My second chastening experience in character occurred during my tenure battle at DePaul in 2007.  Here’s what the left-leaning Nation magazine wrote in “solidarity”:

Among the numerous comments on the case, the most thoughtful come from University of Chicago historian Peter Novick. . . .  Novick … appealed for “pluralism” in the academy: “There are those who relish the adversarial role, who delight in combat, whose greatest joy is in advancing a cause… such people are often inclined to stretch evidence to the breaking point, and occasionally beyond…. Professor Finkelstein seems to be of that number, as does Professor Dershowitz.” That was not his own style, Novick said. While it would be “disastrous,” he wrote, “to have a university composed exclusively of people like Finkelstein and Dershowitz,” it would be “equally undesirable to have a university composed exclusively of people like me.”
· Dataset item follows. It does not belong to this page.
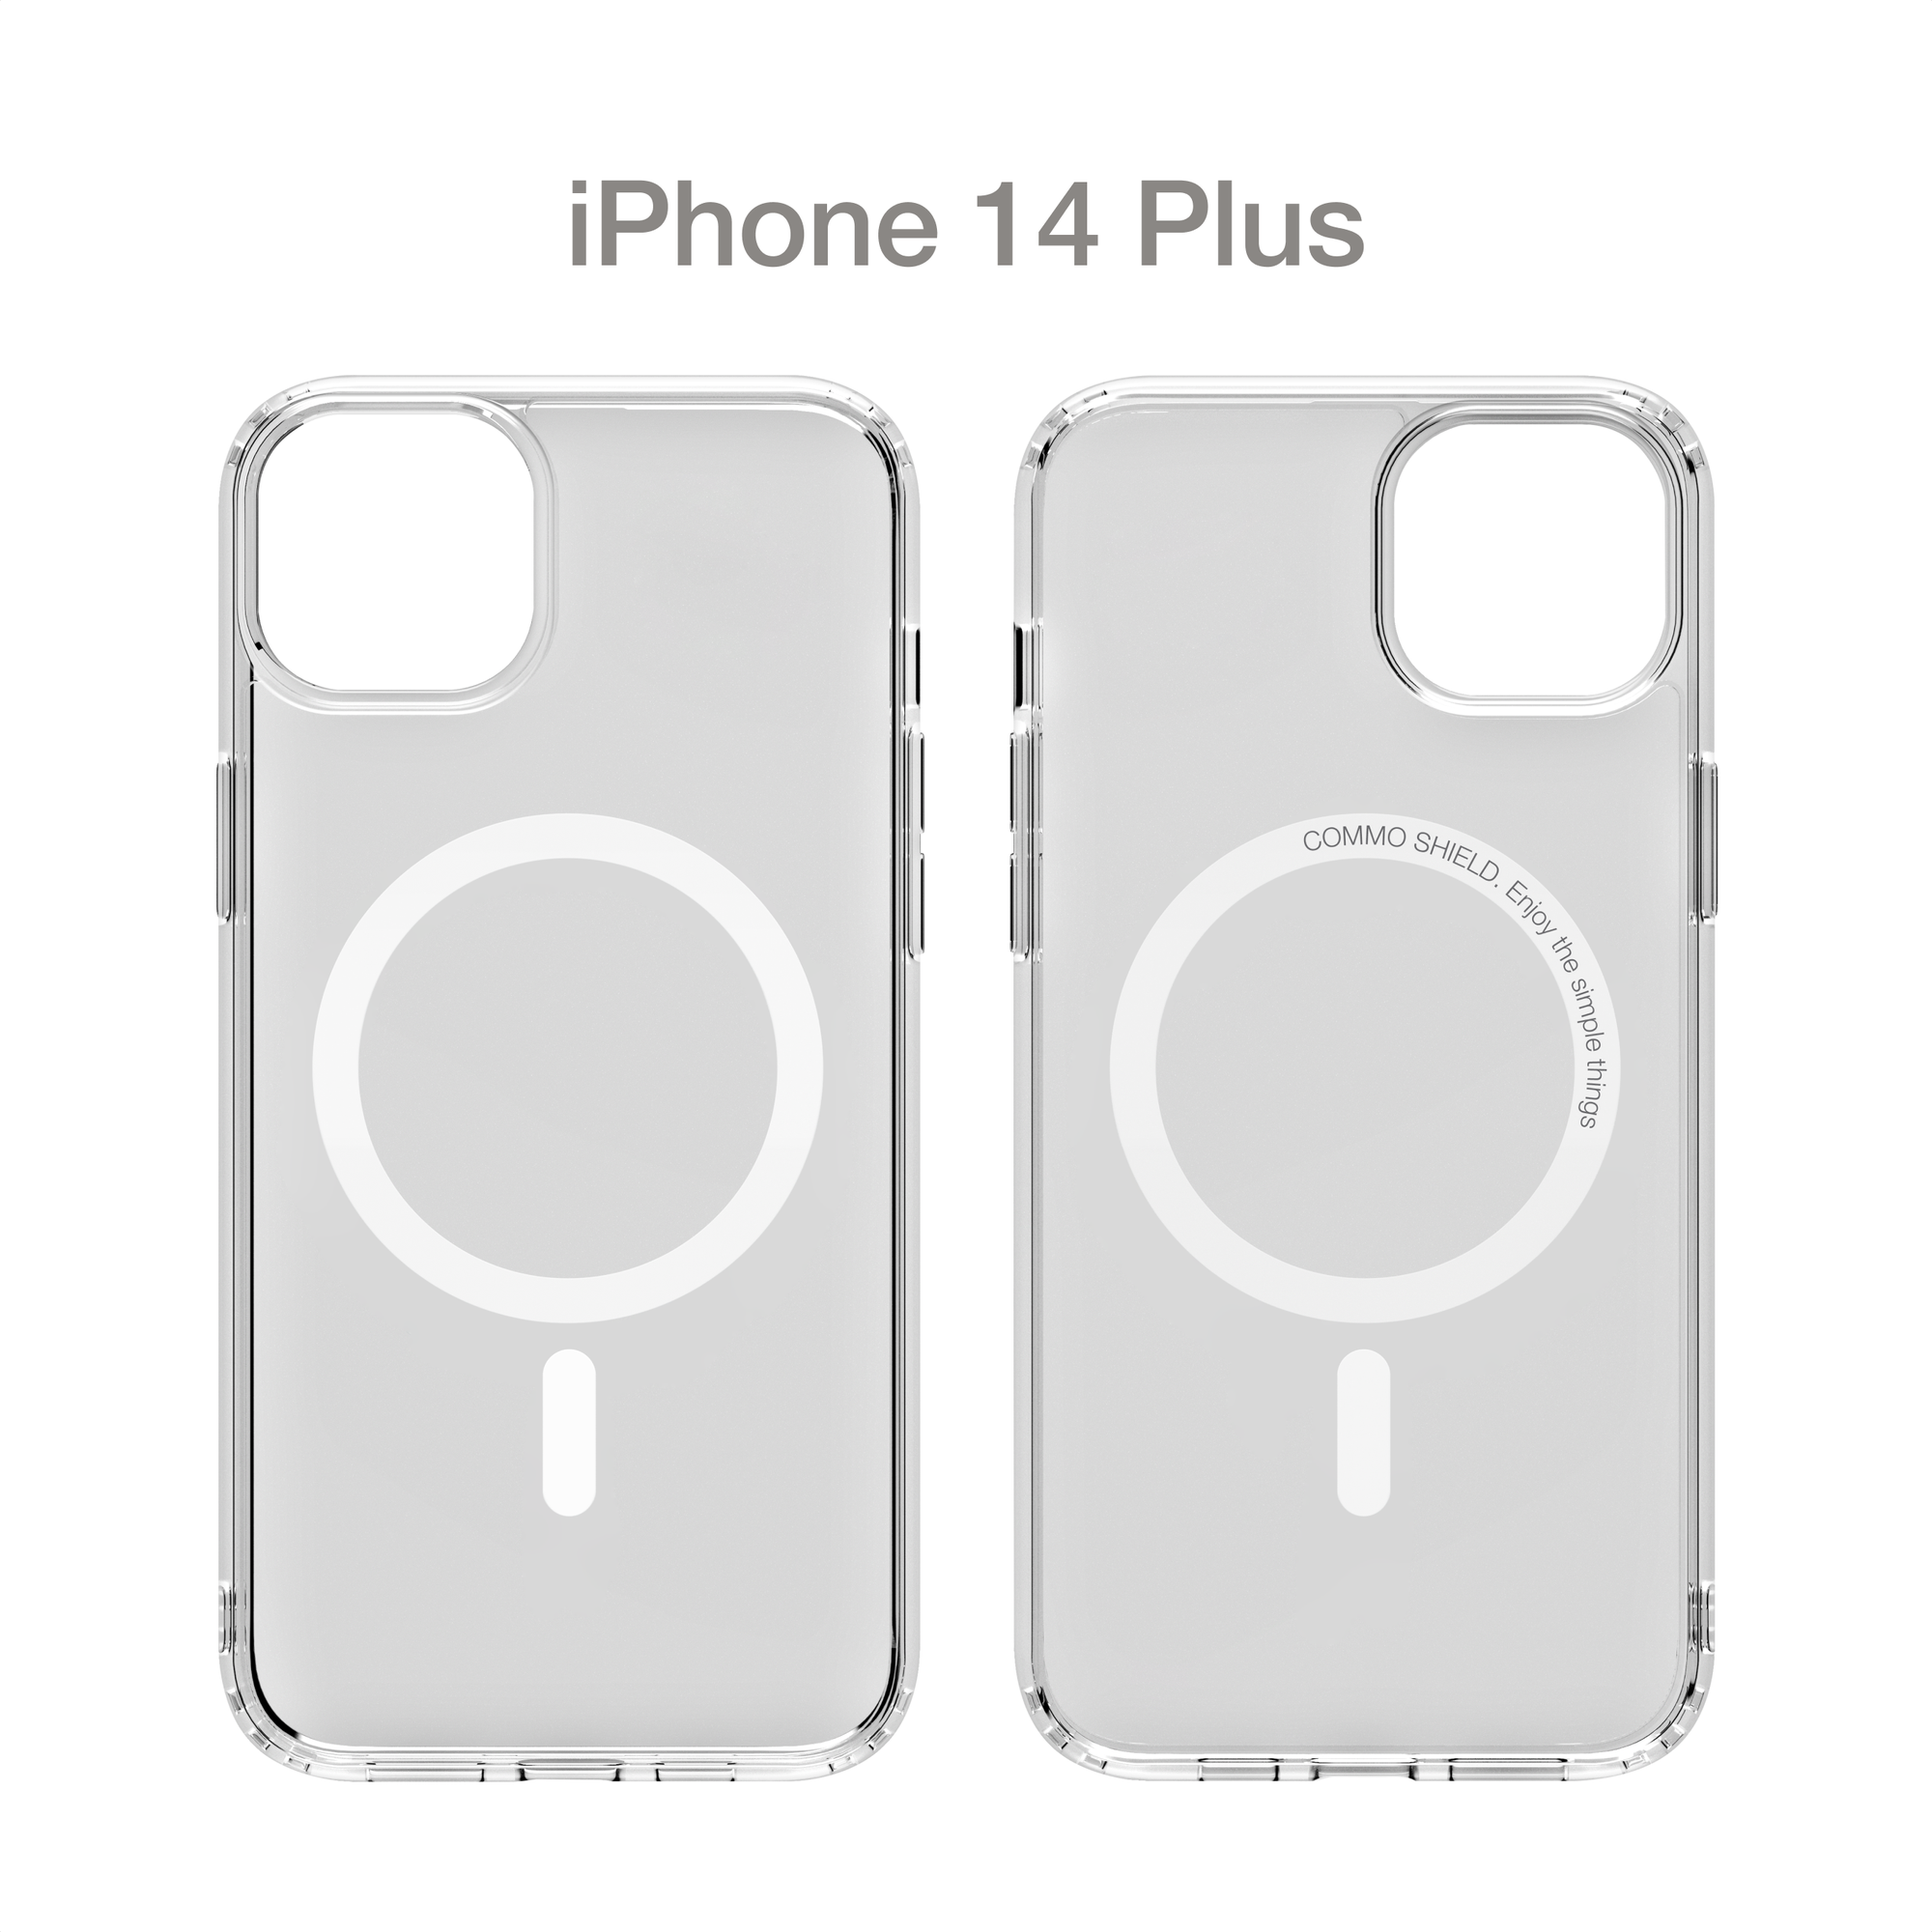 Прозрачный чехол COMMO Shield Case для iPhone 14 Plus с поддержкой беспроводной зарядки

In other words, I was Dershowitz’s doppelganger. Wasn’t that obvious?  Dershowitz was the senior-most professor at Harvard Law School and a serial liar, I was an itinerant academic whose entire public career was built on exposing fraudulent scholarship of the powerful. (My old “comrade,” Roane, who is currently a Senior Editor of The Nation, stood by silently, uttering not a syllable in my defense.) Meanwhile, Matthew Rothschild and Ruth Coniff, editors of another left-leaning periodical, The Progressive, alleged that I was a quasi “Holocaust denier.” But here’s the thing.  The dean of Holocaust scholars, indeed, the founder of the field of Holocaust Studies, was Professor Raul Hilberg.  It happens that Hilberg was a rightwing Republican, he swore by the Wall Street Journal. When asked about my tenure case, here’s what Hilberg said:

Leaving aside the question of style — and here, I agree that it’s not my style either — the substance of the matter is most important here, particularly because Finkelstein, when he published this book [The Holocaust Industry], was alone. It takes an enormous amount of academic courage to speak the truth when no one else is out there to support him. And so, I think that given this acuity of vision and analytical power, demonstrating that the Swiss banks did not owe the money, that even though survivors were beneficiaries of the funds that were distributed, they came, when all is said and done, from places that were not obligated to pay that money. That takes a great amount of courage in and of itself. So I would say that his place in the whole history of writing history is assured, and that those who in the end are proven right triumph, and he will be among those who will have triumphed, albeit, it so seems, at great cost.

The moral is, Don’t judge a person by their ideological cover.